Example 5: Using Weights
The aweight
and fweight
parameters allow us to specify weights for covariance estimate.
import numpy as np
# create an array
array1 = np.array([[0, 3, 7],
[1, 4, 6],
[2, 5, 8]])
# specify weights
a = np.array([3, 1, 2])
f = np.array([2, 1, 3])
# calculate the covariance of the array
covariance1 = np.cov(array1)
# calculate the covariance of the array with aweights provided
covariance2 = np.cov(array1, aweights = a)

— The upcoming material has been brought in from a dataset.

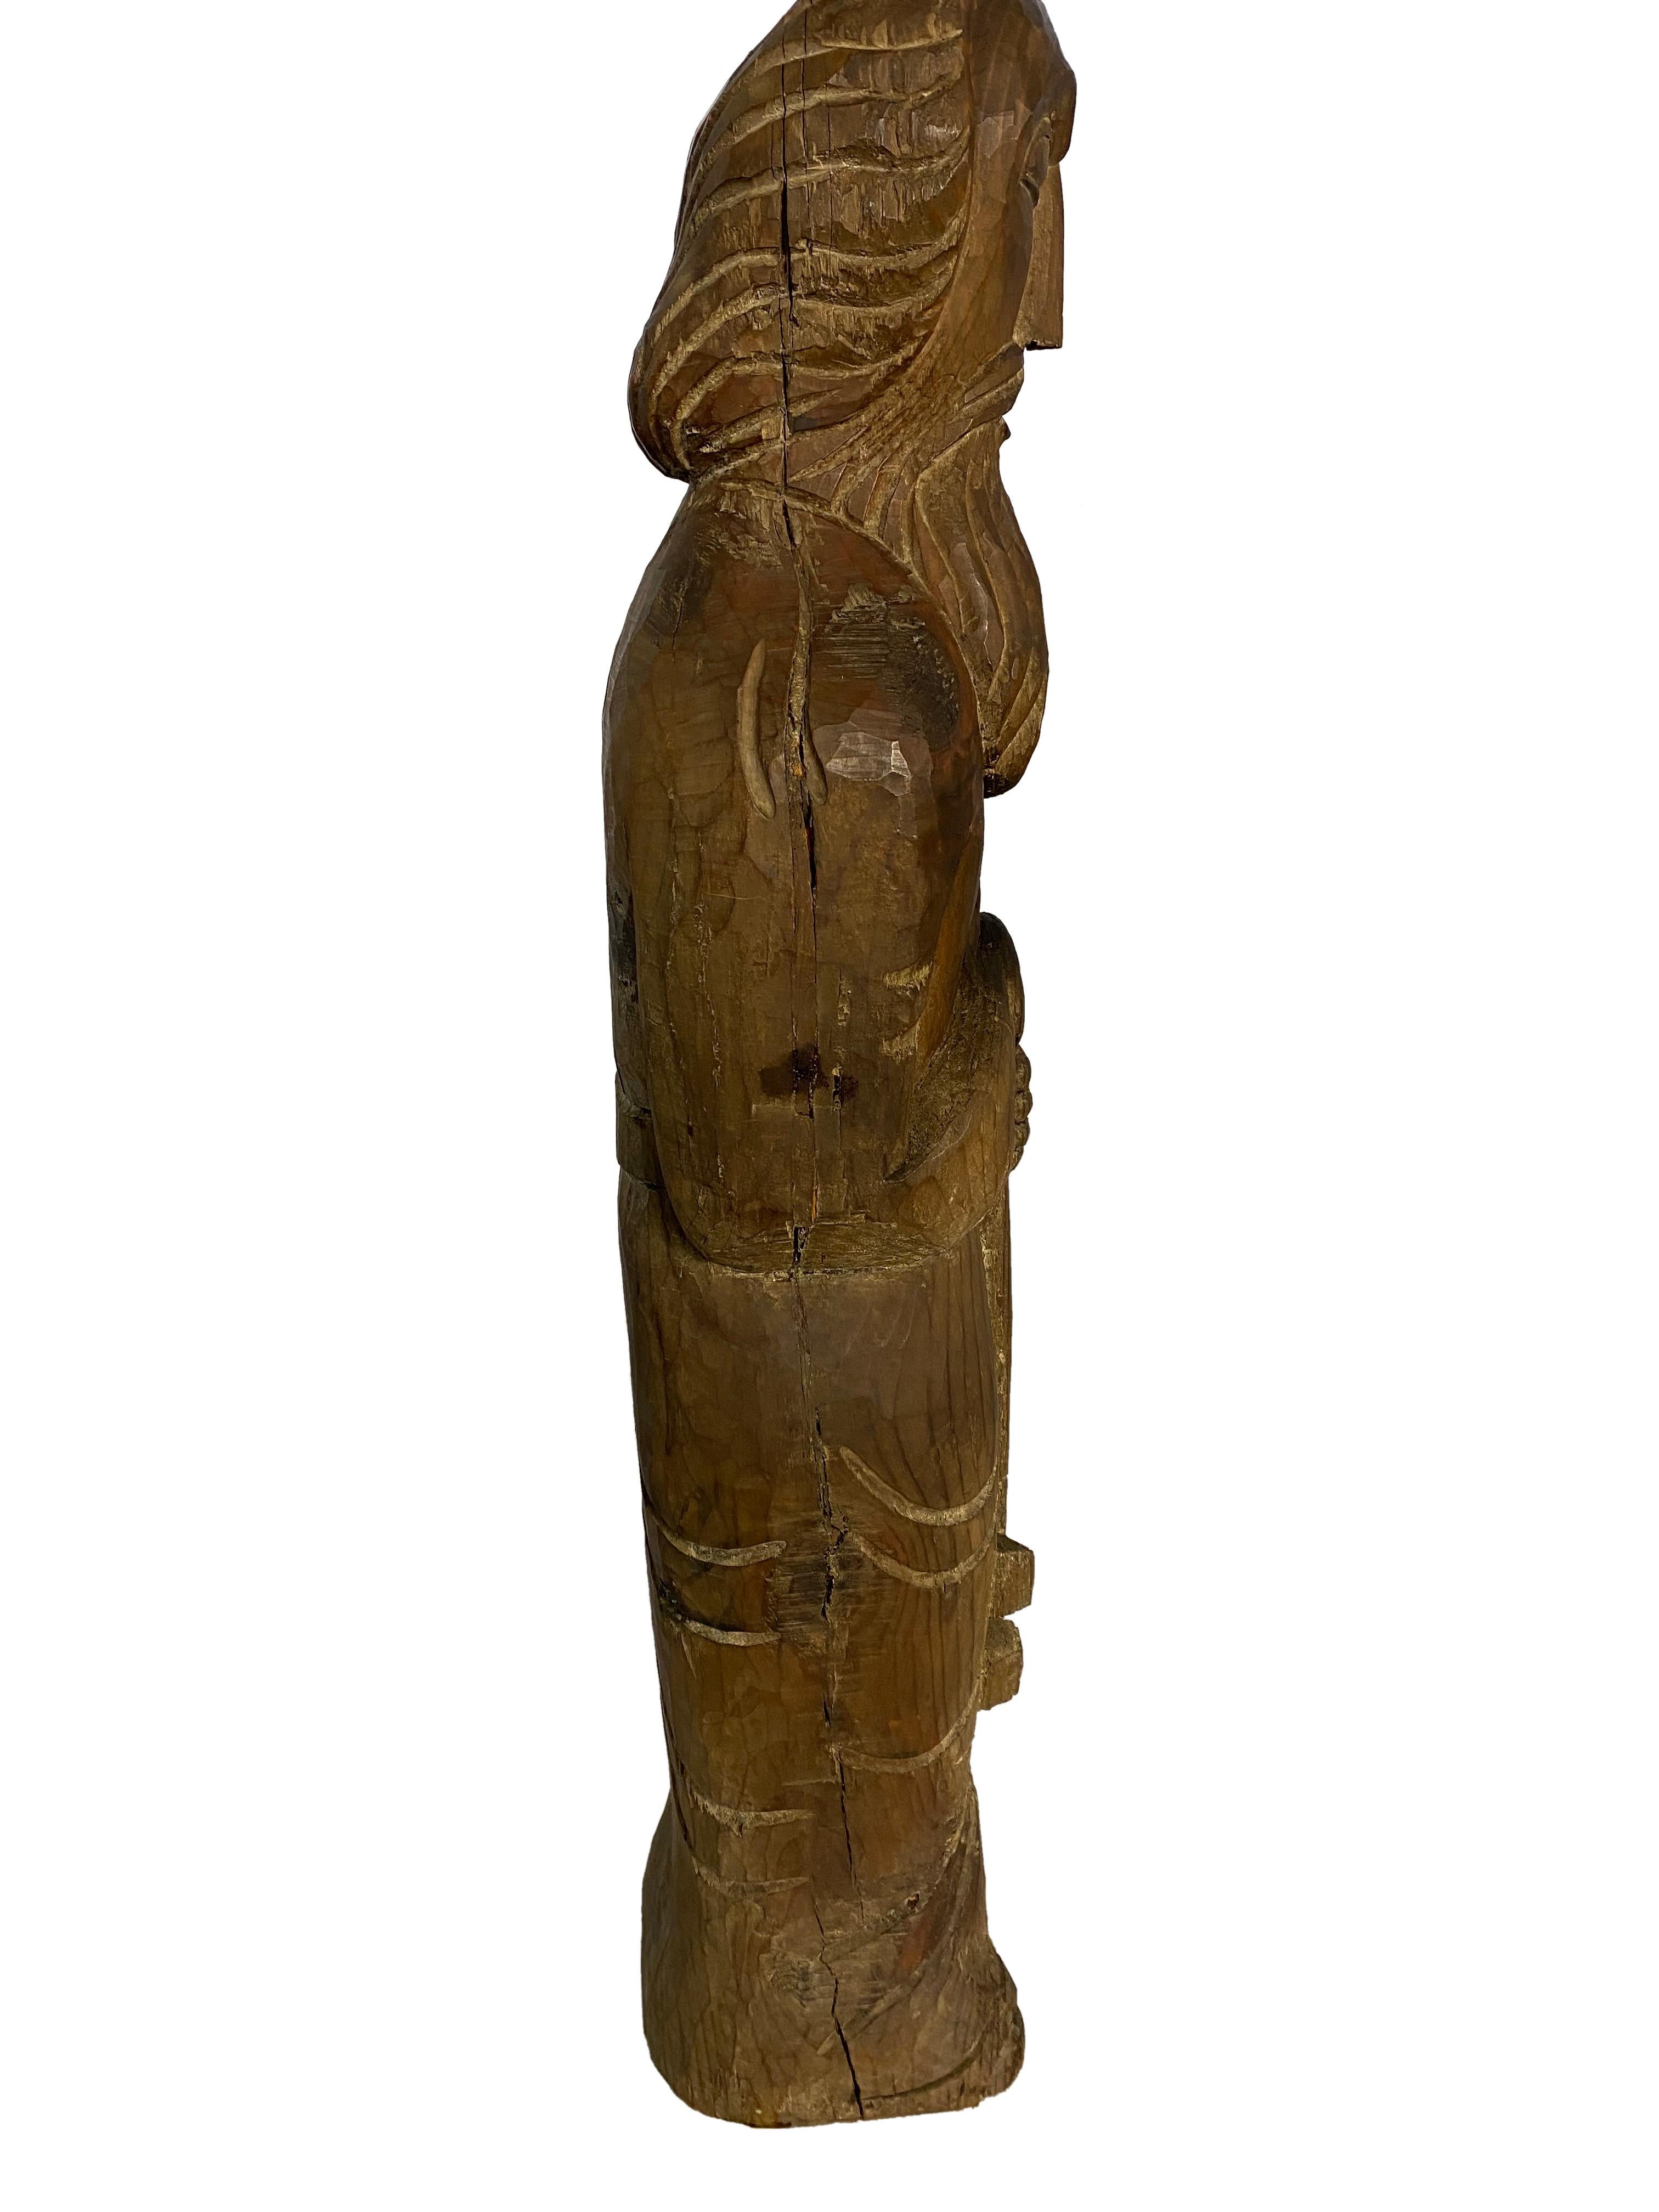 Wooden Church Figure of Saint Peter, 18th-19th Century For Sale 1

# calculate the covariance of the array with fweights provided
covariance3 = np.cov(array1, fweights = f)
# calculate the covariance of the array with both aweights and fweights
covariance4 = np.cov(array1, aweights = a, fweights = f)
print('Unweighted Covariance Matrix\n', covariance1, '\n')
print('Covariance Matrix with Observation Vector weight\n', covariance2, '\n')
print('Covariance Matrix with frequency weight\n', covariance3, '\n')
print('Covariance Matrix with both weights\n', covariance4, '\n')
Output
Unweighted Covariance Matrix [[12.33333333 8.66666667 10.5 ] [ 8.66666667 6.33333333 7.5 ] [10.5 7.5 9. ]] Covariance Matrix with Observation Vector weight [[16.04545455 11.5 13.77272727] [11.5 8.40909091 9.95454545] [13.77272727 9.95454545 11.86363636]] Covariance Matrix with frequency weight [[12. 8.4 10.2] [ 8.4 6. 7.2] [10.2 7.2 8.7]] Covariance Matrix with both weights [[13.86956522 9.86956522 11.86956522] [ 9.86956522 7.08695652 8.47826087] [11.86956522 8.47826087 10.17391304]]
Here,
aweights
represent the observation vector weight i.e. it quantifies the importance of an observation in the correlation.
fweights
represent the frequency weight i.e. it represents the number of times the observation was repeated.